Pool jeng ah boichaat rum ano loongtang ih Rangte rangphoong rumta. Eno li rumta, “Seng loong phoh ano Pool, an ih tup eh hu haajaat mathan Jehudi loong ah rangsoomte eh hoonla, enoothong neng loong ah Hootthe lam ah phanroh ih rumha.
21 En zij zijn aangaande u bericht, dat gij al de Joden, die onder de heidenen zijn, leert van Mozes afvallen, zeggende: dat zij de kinderen niet zouden besnijden, noch naar de wijze der wet wandelen.
Jehudi loong ih jen japchaat eta, an ih Ranglajatte deek akaan ni songte Jehudi loong suh Moses Hootthe ah lakah kap theng nyia nengsuh nengsah khoopkhan banlam ah lahoon theng adoleh Jehudi banlam ah lakah kap theng ngeh ih nyootsoottu rah ah.

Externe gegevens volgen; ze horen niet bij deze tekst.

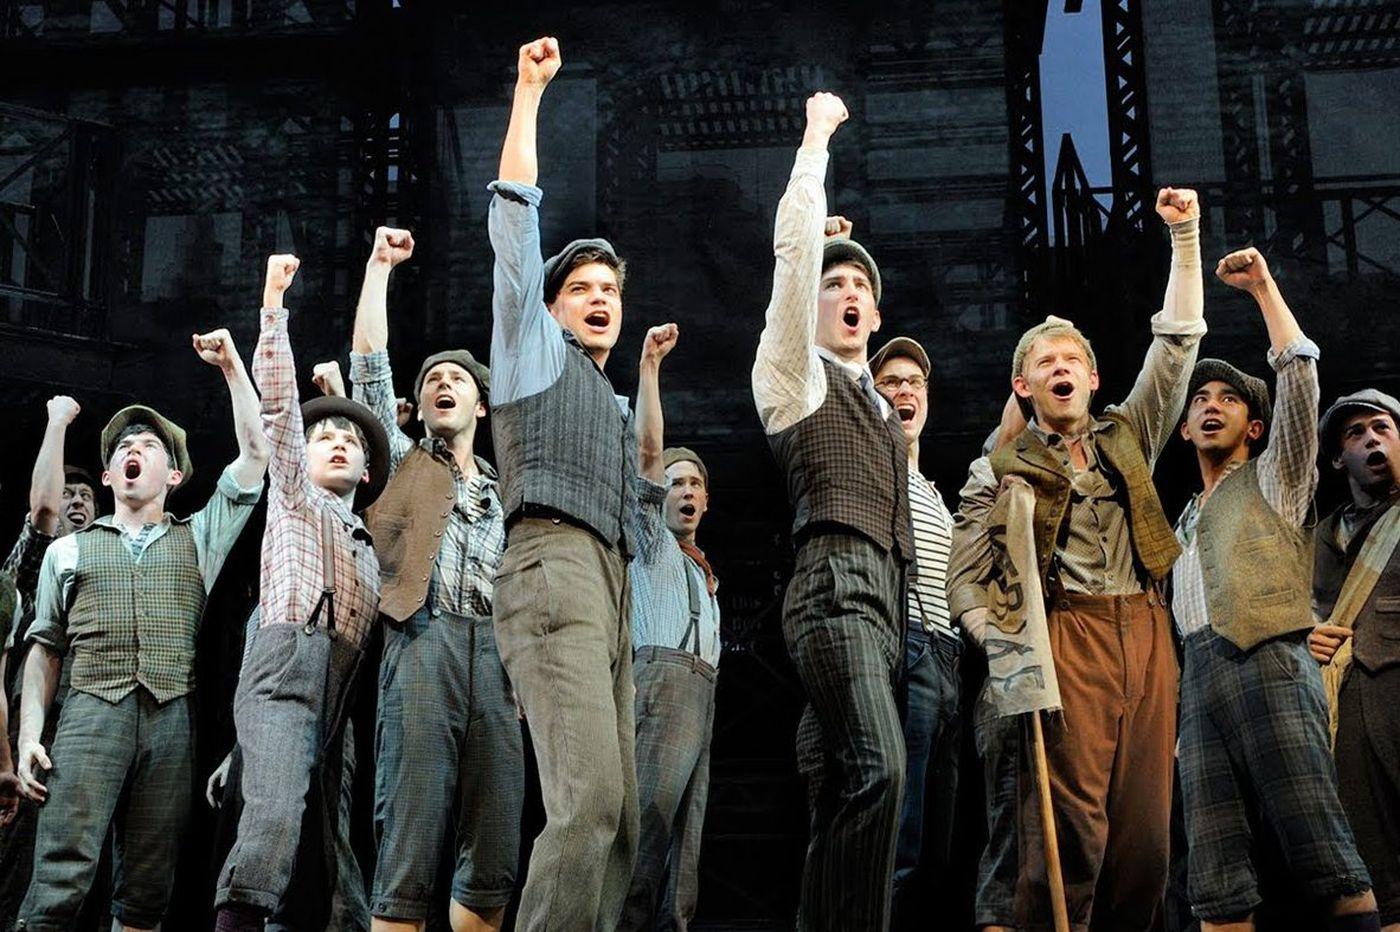 St. Joe's Prep lands rare high school production of 'Newsies'

22 Wat is er dan te doen? Het is gans nodig, dat de menigte samenkome; want zij zullen horen, dat gij gekomen zijt.
Neng ih an thok ah jat jaatjaat eha. Eno, mamah etheng ah?

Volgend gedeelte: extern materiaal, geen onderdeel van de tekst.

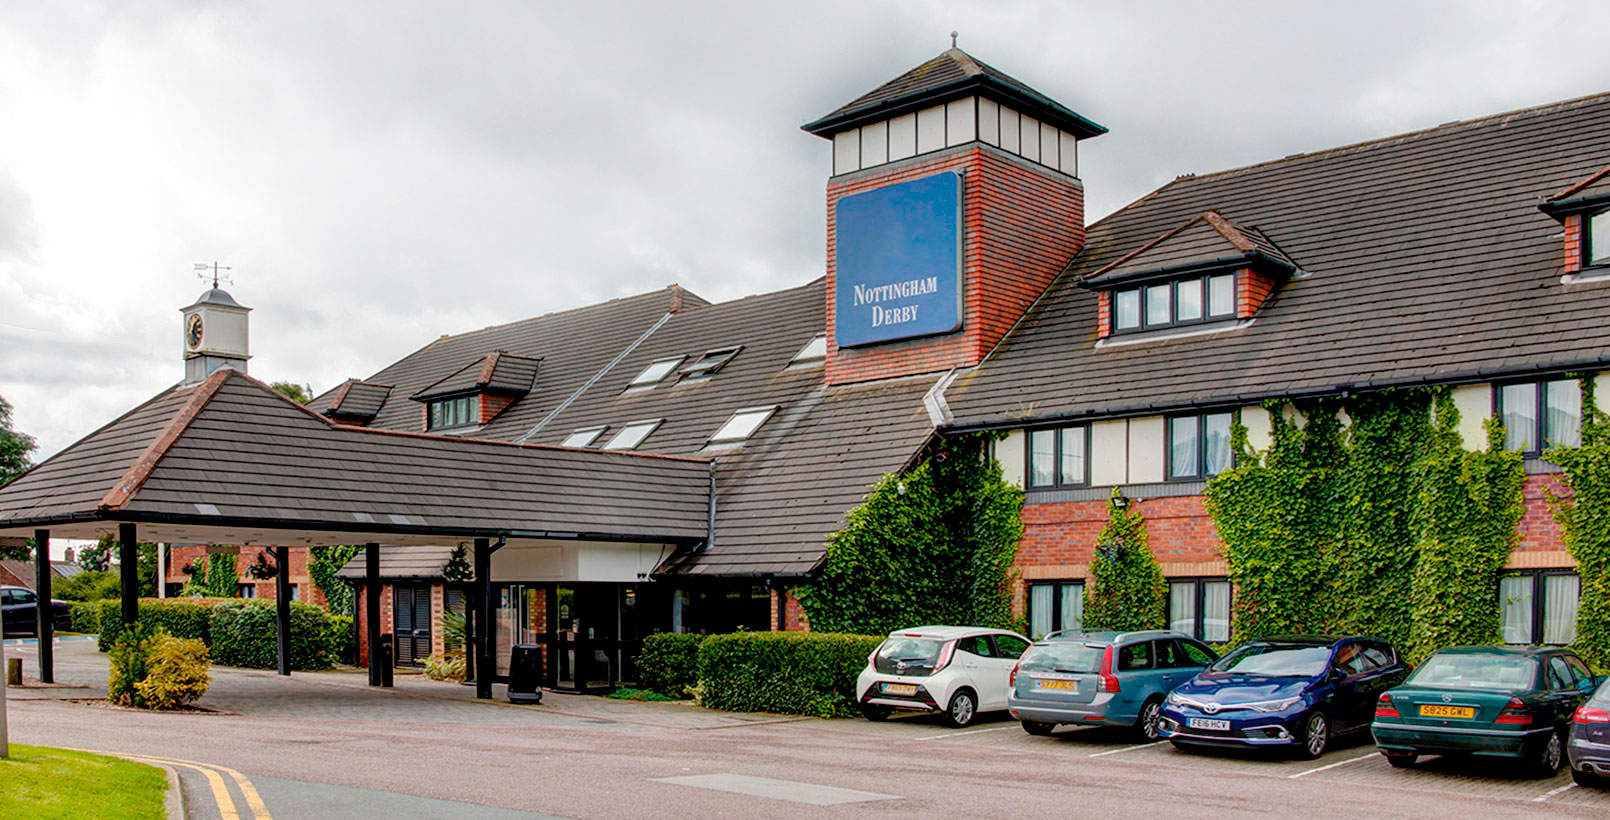 Derby Hotels Of Best Western Nottingham Derby

23 Doe dan hetgeen wij u zeggen: Wij hebben vier mannen, die een gelofte gedaan hebben.
Seng ih thun hi abah an ih emah re udoh phan ah. Arah di thoomhoon choi mih wabaji je ah.
24 Neem dezen tot u, en heilig u met hen, en doe de onkosten nevens hen, opdat zij het hoofd bescheren mogen; en alle mogen weten, dat er niets is aan hetgeen, waarvan zij, aangaande u, bericht zijn; maar dat gij alzo wandelt, dat gij ook zelve de wet onderhoudt.
Chingkhothook thengnah neng damdoh roong kah uno neng lakkhoom ladi thaang ah koh eh uh; eno juuba neng khoh ah sui eh ah. Emah ang ano ba mirep ih an tiit waanla ah tiit hu ruurangla ngeh ih thun rum ah, erah nang ebah heh teewah jaatjaat eh Moses Hootthe jun ih songtongla ngeh ih thun rumho.
25 Doch van de heidenen, die geloven, hebben wij geschreven en goed gevonden, dat zij niets dergelijks zouden onderhouden, dan dat zij zich wachten van hetgeen den afgoden geofferd is, en van bloed, en van het verstikte, en van hoererij.
Enoothong Ranglajatte dowa o mina ih Rangte men jat ha, erah loong asuh seng roongwaanti tiit ah le jen raangmaat eti; romchoi phaksat ah laphaksat theng, khoisat luiamaan ah laphak theng, hesih laphak theng, adoleh mih damdoh roomjup roomtong laje theng adoleh sak lapiin theng ngeh ah.”
26 Toen nam Paulus de mannen met zich, en den dag daaraan met hen geheiligd zijnde, ging hij in den tempel, en verkondigde, dat de dagen der heiliging vervuld waren, blijvende daar, totdat voor een iegelijk van hen de offerande opgeofferd was.
Erah raangtaan ih Pool ih miloong ah siit ano erah saalih adi neng damdi chingkhothook roong kata. Eno Pool Rangteenok ni wang ano leeraang ah amah raang ano rapwanta; chingkhothook ah sa mathan doh thoon ah adoleh khojoop ah wasiit wasiit suh mabah hoonkot theng ah.
27 Als nu de zeven dagen zouden voleindigd worden, zagen hem de Joden van Azie in den tempel, en beroerden al het volk, en sloegen de handen aan hem,
Sa sinat thoon nanah di, Esia hah nawa Jehudi loong ih Pool Rangteenok ni japtup wang rum taha. Neng loong ah ih mih khoontongta loong ah phaangdat thuk rum ano Pool ah jokhak eh rumta.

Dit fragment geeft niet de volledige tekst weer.